The first thing I would make sure is that you are very familiar with the lapply function. You're going to be making plenty of use of it. You're going to be using it to create a list of couponbonds objects, which is what dyncouponbonds actually is. Creating couponbonds objects however is a little tougher, mainly because of the CASHFLOWS sublist which wants each cashflow associated with the bond's ISIN and with the date of the cashflow. For this you'll use lapply and some fairly advanced subscripting. The subset function will also come in handy.
This question also very much depends on where you will be getting the data from, and getting it out of Bloomberg is non-trivial, mainly because you will need to go back in history using the BDS function and "DES_CASH_FLOW" field for each bond to get its cashflows. I say history, because if you're using dyncouponbonds I'm assuming you will want to do historic yield curve analysis. You'll need to override the BDS function's "SETTLE_DT" field, to the value that you will have received for the bond using the BDP function and field "FIRST_SETTLE_DT", so that you get all the cashflows from the beginning of the bond's life (otherwise it'll only return from today, and that's no good for historic analysis). But I digress. If you're not using bloomberg I don't know where you'll get this data from.
You'll then need to get the static data for each bond, namely the maturity, the ISIN, and the coupon rate and the issue date. And you'll need historic price and accrued interest data. Again if using bloomberg, you'll use the BDP function for this with fields you'll see in the code, below, and the historic data function BDH which I have wrapped as bbdh. Assuming again that you're a bloomberg user, here is the code:
bbGetCountry <- function(cCode, up = FALSE) {
# this function is going to get all the data out of bloomberg that we need for a
# country, and update it if ncessary
if (up == TRUE) startDate <- as.Date("2012-01-01") else startDate <- histStartDate
# first get all the curve members for history
wdays <- wdaylist(startDate, Sys.Date()) # create the list of working days from startdate
actives <- lapply(wdays, function(x) {
bds(conn, BBcurveIDs[cCode], "CURVE_MEMBERS", override_fields = "CURVE_DATE",
override_values = format(x, "%Y%m%d"))
})
names(actives) <- wdays
uniqueActives <- unique(unlist(actives)) # there will be puhlenty duplicates. Get rid of them
# now get the unchanging bond data
staticData <- bdp(conn, uniqueActives, bbStaticDataFields)

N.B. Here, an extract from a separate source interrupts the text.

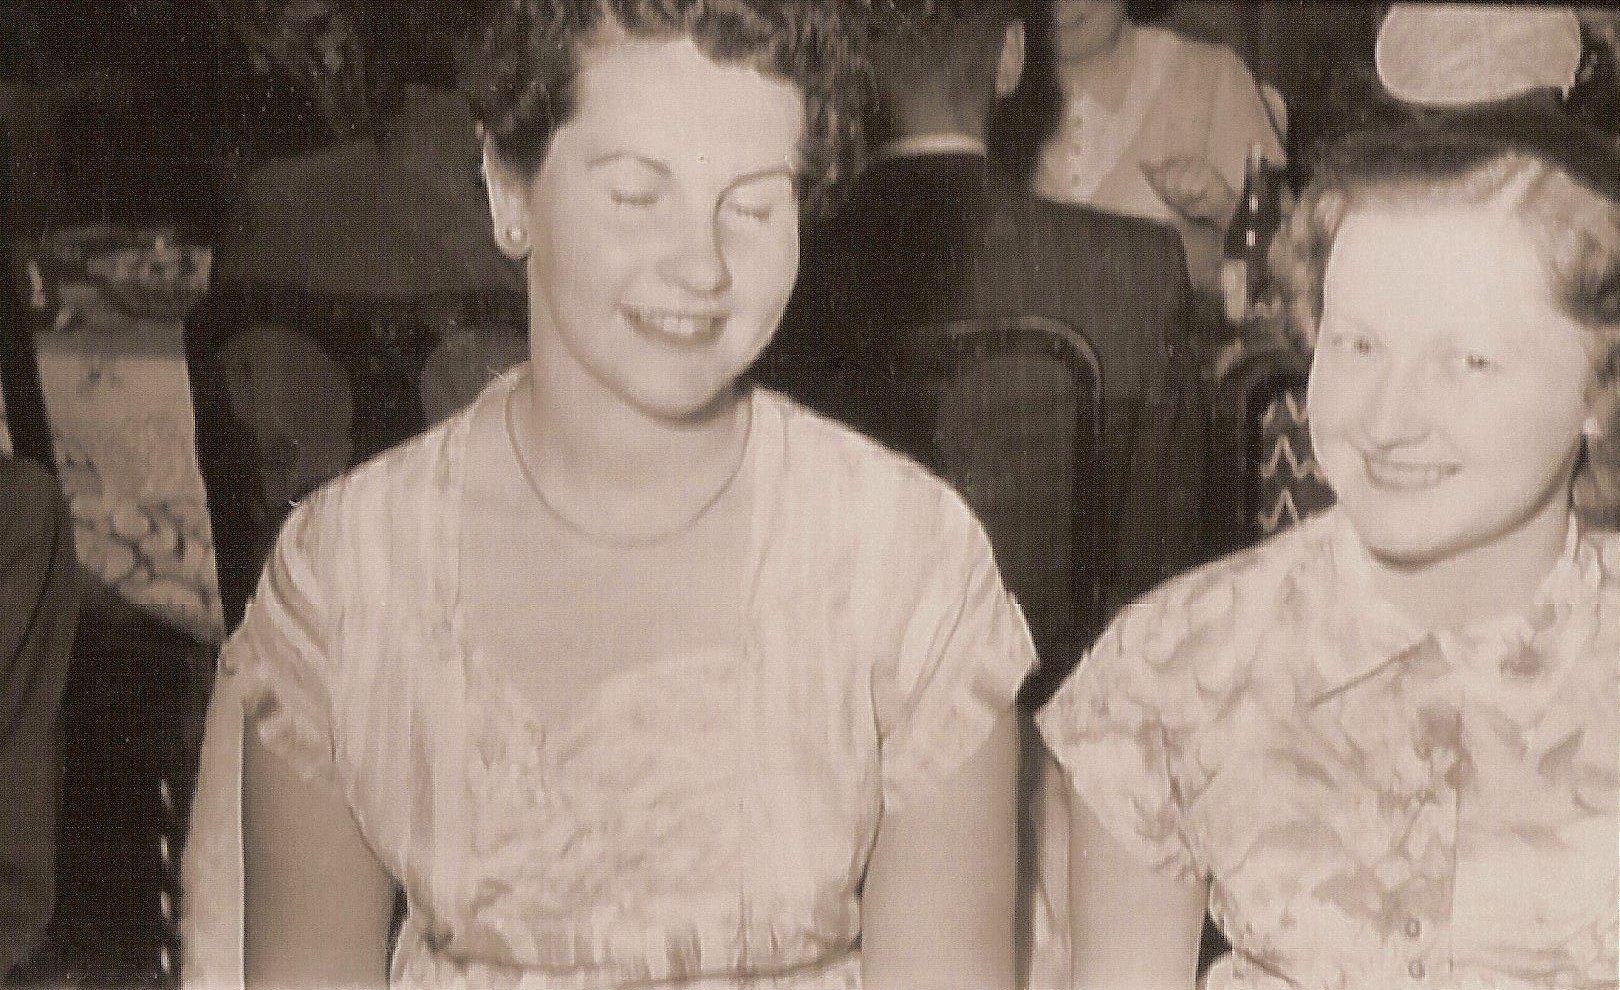 Joan Latta and Margaret Hellier

# now get the cash flowdata
cfData <- lapply(uniqueActives, function(x) {
bds(conn, x, "DES_CASH_FLOW_ADJ", override_fields = "SETTLE_DT",
override_values = format(as.Date(staticData[x, "FIRST_SETTLE_DT"]), "%Y%m%d"))
})
names(cfData) <- uniqueActives
# now for historic data
historicData <- lapply(bbHistoricDataFields, function(x) bbdh(uniqueActives, flds = x, startDate = startDate))
names(historicData) <- bbHistoricDataFields # put the names in otherwise we get a numbered list
allDates <- as.Date(index(historicData$LAST_PRICE)) # all the dates we will find settlement dates for for all bonds. No posix
save(actives, file = paste("data/", cCode, "actives.dat", sep = "")) #save all the files now
save(staticData, file = paste("data/", cCode, "staticData.dat", sep = ""))
save(cfData, file = paste("data/", cCode, "cfData.dat", sep = ""))
save(historicData, file = paste("data/", cCode, "historicData.dat", sep = ""))
#save(settleDates, file = paste("data/", cCode, "settleDates.dat", sep = ""))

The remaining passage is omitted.